Automated continuous data quality measurement with QuaIIe

L. Ehrlinger, B. Werth, W. Wöß. Automated continuous data quality measurement with QuaIIe. International Journal on Advances in Software, volume 11, number 3&4, pages 400-417, 12, 2018.

  • Lisa Ehrlinger
  • Bernhard Werth
  • Wolfram Wöß
JournalInternational Journal on Advances in Software

Data quality measurement is essential to gain knowledge about data used for decision-making and to evaluate the trustworthiness of those decisions. Example applications, which are based on automated decision-making, are self-driving cars, smart factories, and weather forecast. One-time data quality measurement is an important starting point for any data quality project to detect critical data that does not meet expectations and to define improvement goals for data cleansing activities. The complementary task of continuous data quality measurement is essential to ensure that data continues to conform to requirements and to detect unexpected changes in the data. However, most existing data quality tools allow quality measurement at a specific point in time while leaving the automation and scheduling to the user. In this paper, we highlight the need for (1) domainindependent ad hoc measurement, to provide a quick insight of an information system’s qualitative condition, and (2) continuous data quality measurement, to observe how data quality evolves over time.
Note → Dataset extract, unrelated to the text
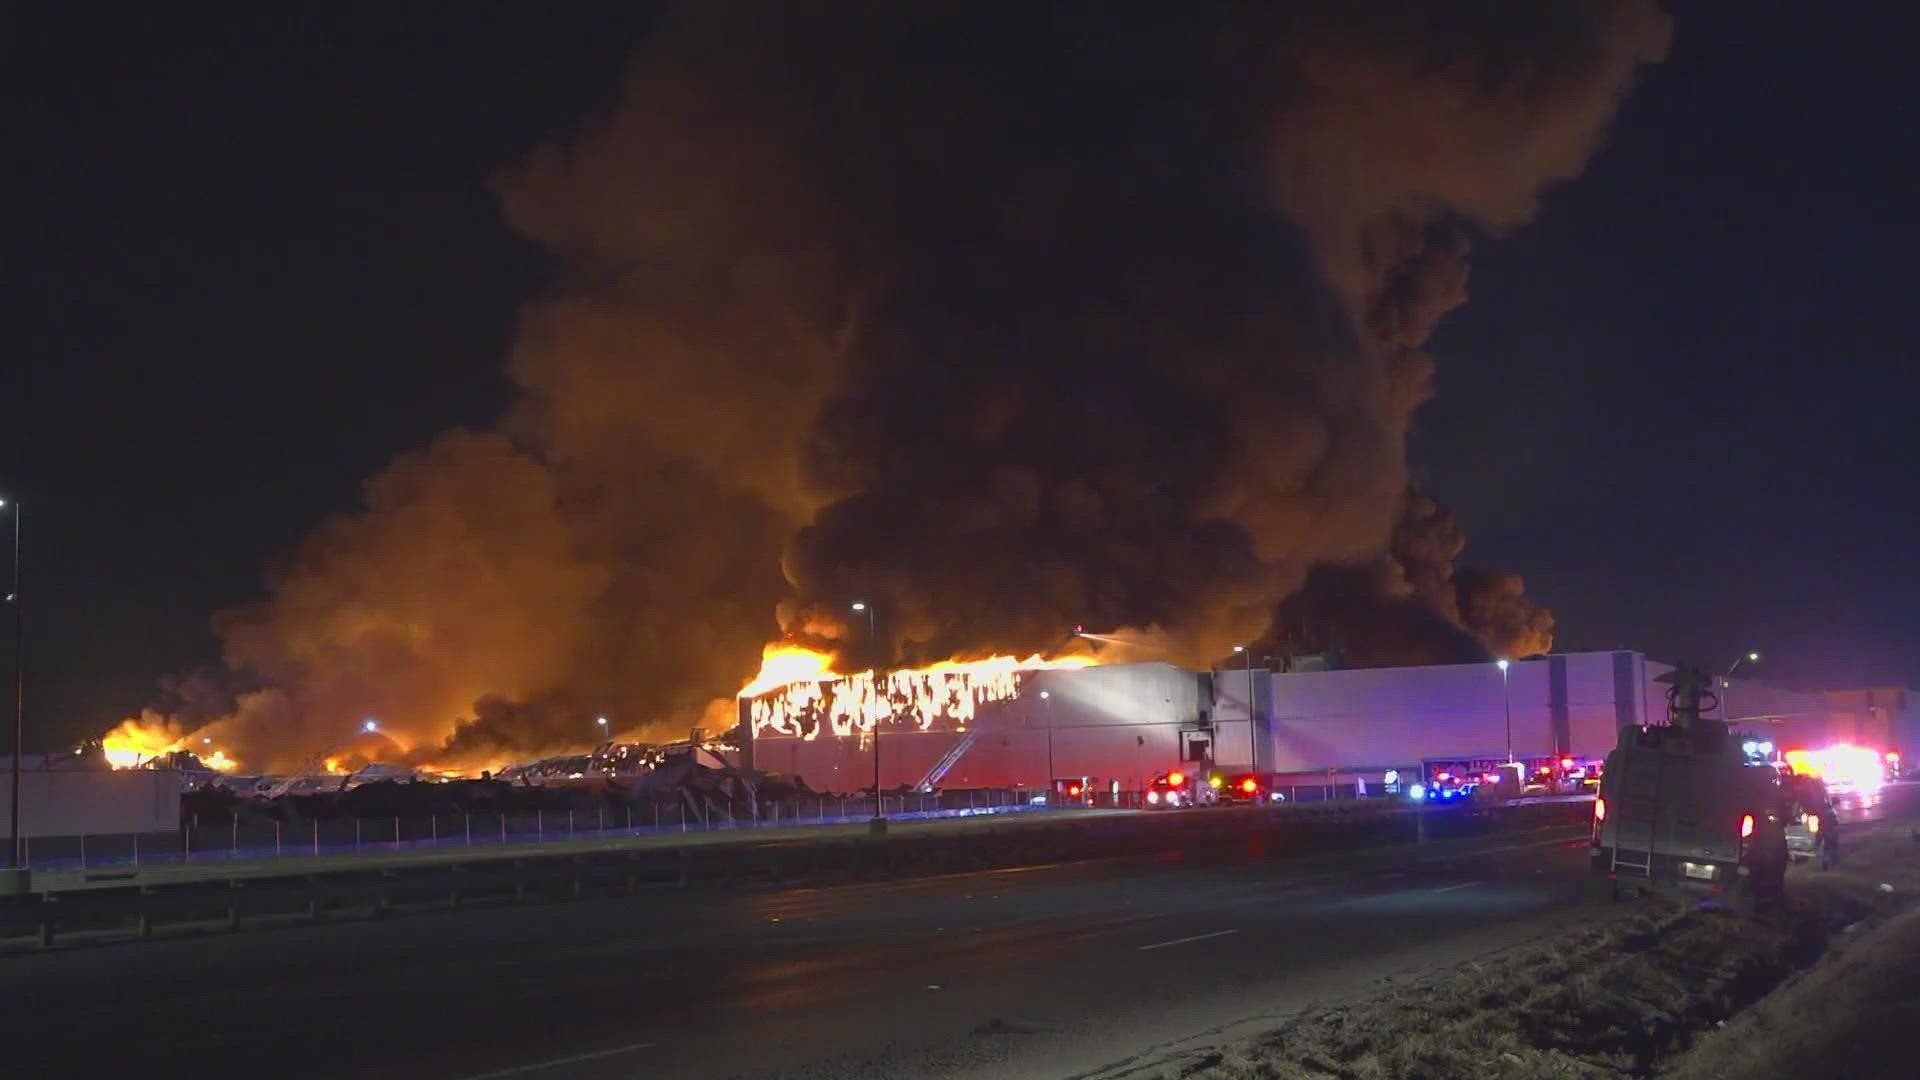 Dallas-Fire Rescue said units were assigned to the fire at 5:28 a.m. Tuesday after multiple reports of a fire coming from a warehouse.

Both requirements can be achieved with our data quality tool QuaIIe (Quality Assessment for Integrated Information Environments, pronounced ['kvAl@]), which we developed to calculate metrics for the quality dimensions accuracy, correctness, completeness, pertinence, timeliness, minimality, readability, and normalization on both data-level and schema-level. The quality measurements can be either exported as a user- and machinereadable quality report, or they can be periodically stored in a database, which allows for long-term analysis. In this paper, we demonstrate the application of QuaIIe for ad hoc and continuous data quality measurement.